Про Алексея Варламова критик Владимир Бондаренко как-то пошутил, что «Молодая гвардия» уворовала у русской литературы отличного реалиста, настоящего художника», имея в виду его многочисленные исследования в серии «Жизнь замечательных людей», в какой-то момент заменившие писателю его художественную прозу. Однако заменили, как с радостью выяснилось для его читателей, не насовсем: в конце весны увидел свет новый роман Варламова «Душа моя Павел», в котором, по словам критиков, писатель «остается над схваткой», говоря о крахе СССР и смотря на проблему «глазами Соломона». О том, почему ректор Литературного института никогда не вернется к серии «ЖЗЛ», через какие тернии пролегал путь недавнего главреда «Литературной учебы» и о реформах в Литинституте Алексей Варламов рассказал в интервью «Учительской газете»
- Алексей Николаевич, с 2016 года вы занимаете пост ректора Литературного института. Как проходит ваш день? Каковы первостепенные обязанности?
- День на день не приходится. Практически всегда большая почта, документы, встречи, но главное - люди, которые приходят к тебе со своими проблемами, и я стараюсь им помочь. Студенты, абитуриенты, преподаватели, сотрудники. Еще довольно часто обращаются люди с самыми неожиданными фантастическими проектами - переместить памятник Пушкину, издать роман неизвестного гениального автора, написать в Кремль Путину, помочь с публикацией своих стихов и пр. Очень много времени и сил отнимают вопросы, связанные со строительством, ремонтом.
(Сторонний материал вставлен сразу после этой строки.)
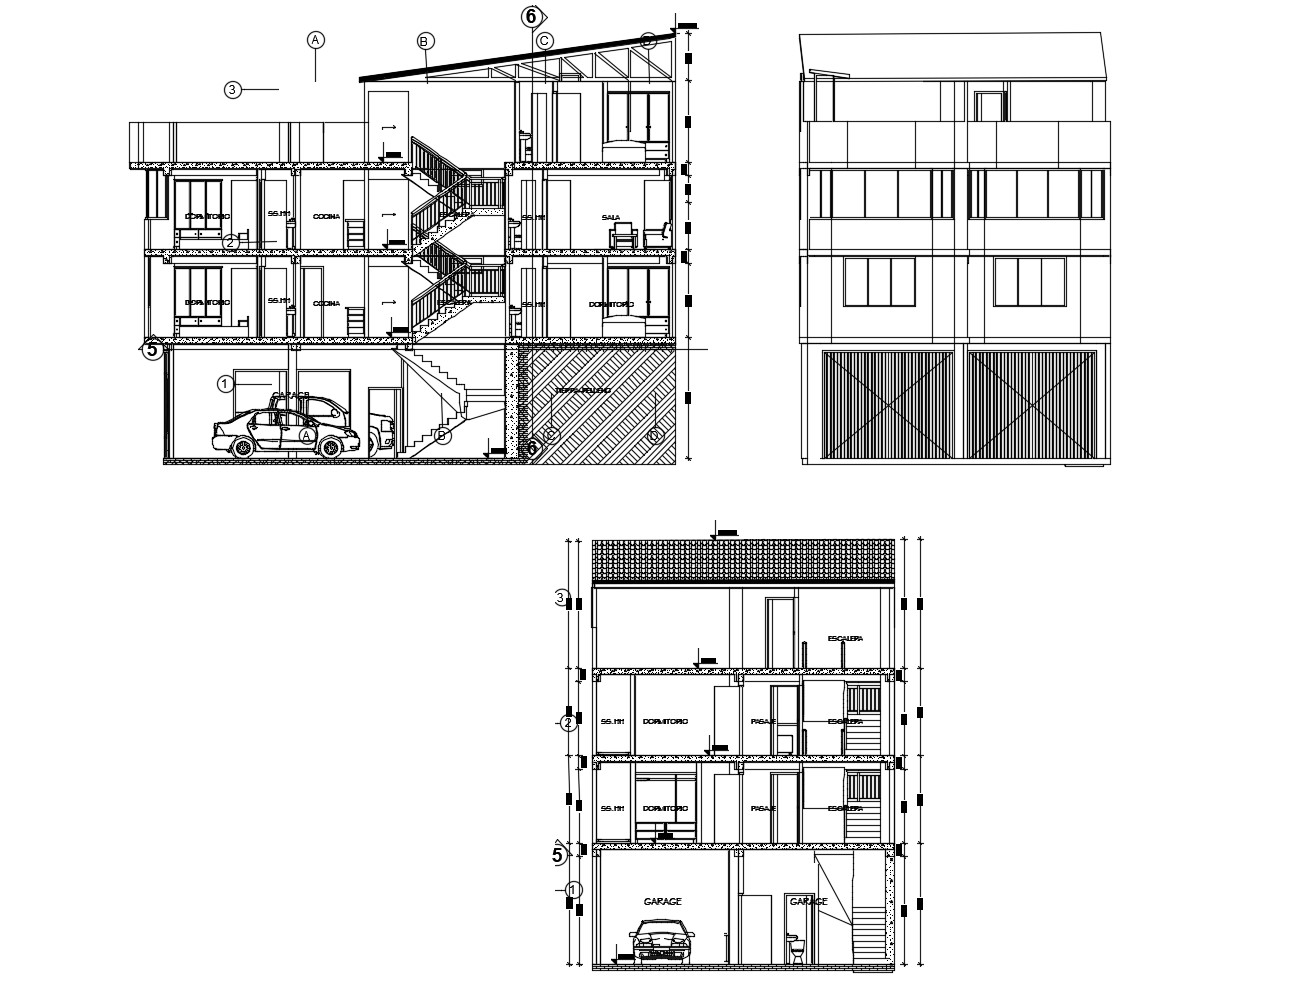 3 Storey House With Elevation Details In Autocad Cadbull

И усадьбы, и общежития. Еще в последнее время - прямо болезнь какая-то - развелось энное количество кляузников, которые жалуются в серьезные инстанции, и от них тоже приходится отбиваться.
- Для чего вам вообще нужен был этот пост, наверное, «отрывающий» у вас как у писателя свободное время, а возможно, и вдохновение?
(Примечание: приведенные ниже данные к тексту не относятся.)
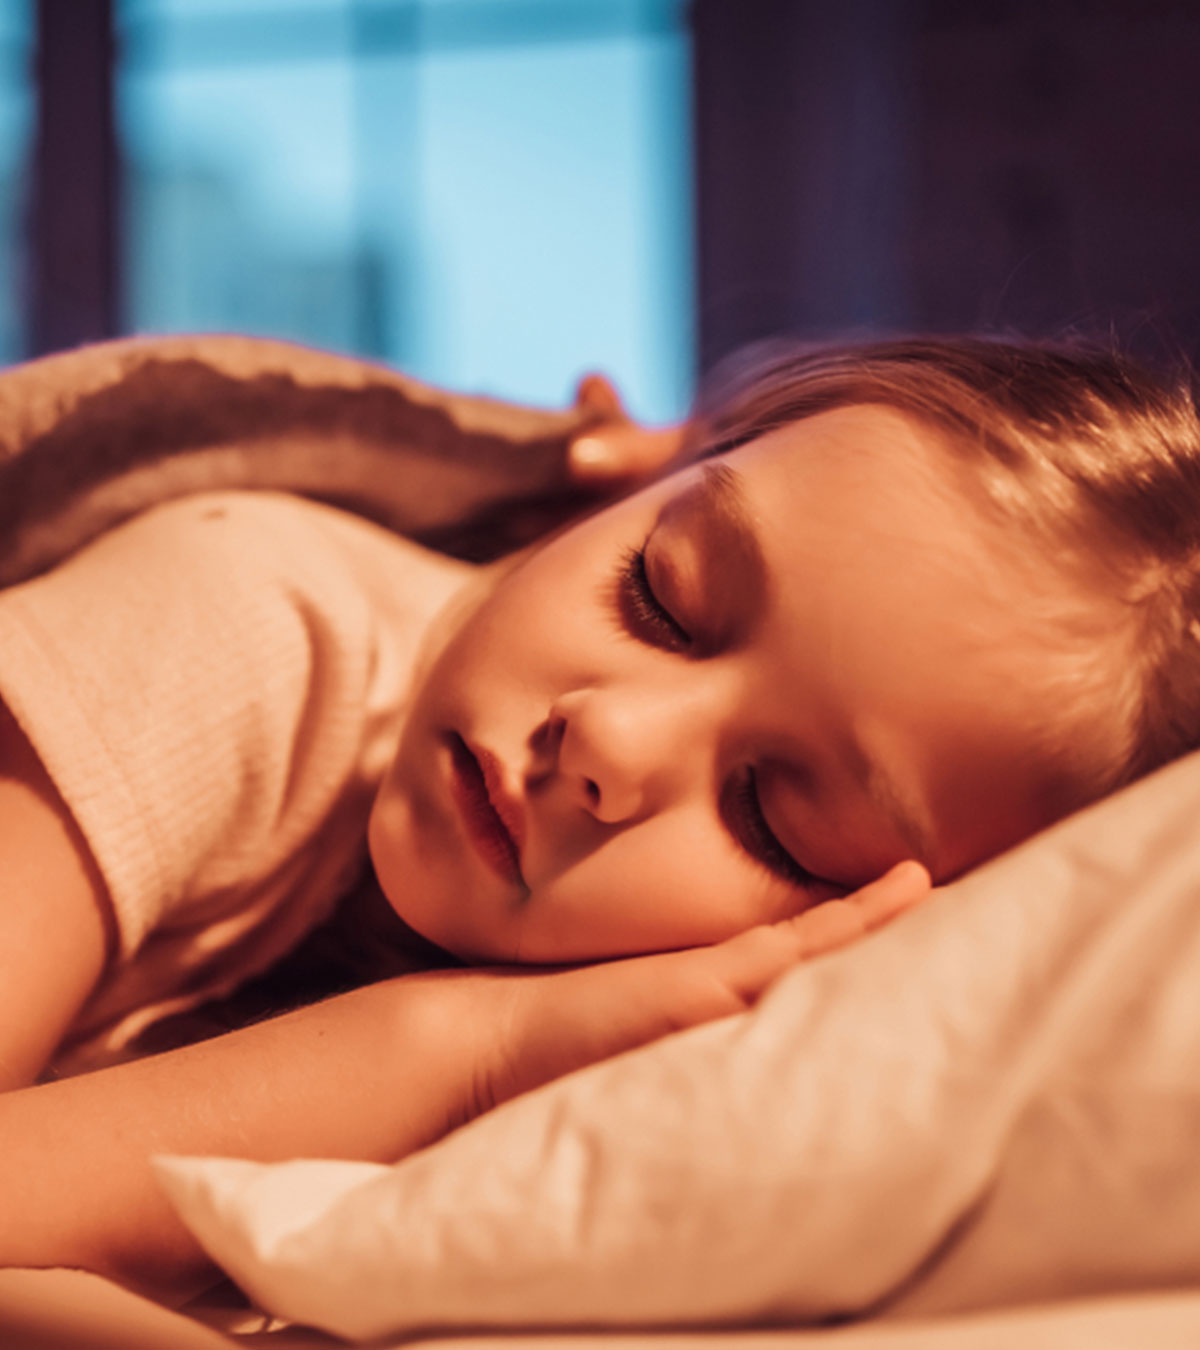 6 Foods To Add To Your Child’s Diet To Help Them Sleep Better

- Спорный вопрос, «отрывает» этот пост вдохновение или дает его. Во всяком случае жизненного материала, новых ситуаций, людей, встреч, конфликтов, интриг, низостей и благородства я узнал за это время столько, сколько за всю жизнь не знал. Литинститут - это тоже роман.
- Некоторое время назад мы наблюдали ваш «роман» с журналом «Литературная учеба», когда вы были на посту его главного редактора. Что работа в нем дала вам как редактору, а что - как писателю?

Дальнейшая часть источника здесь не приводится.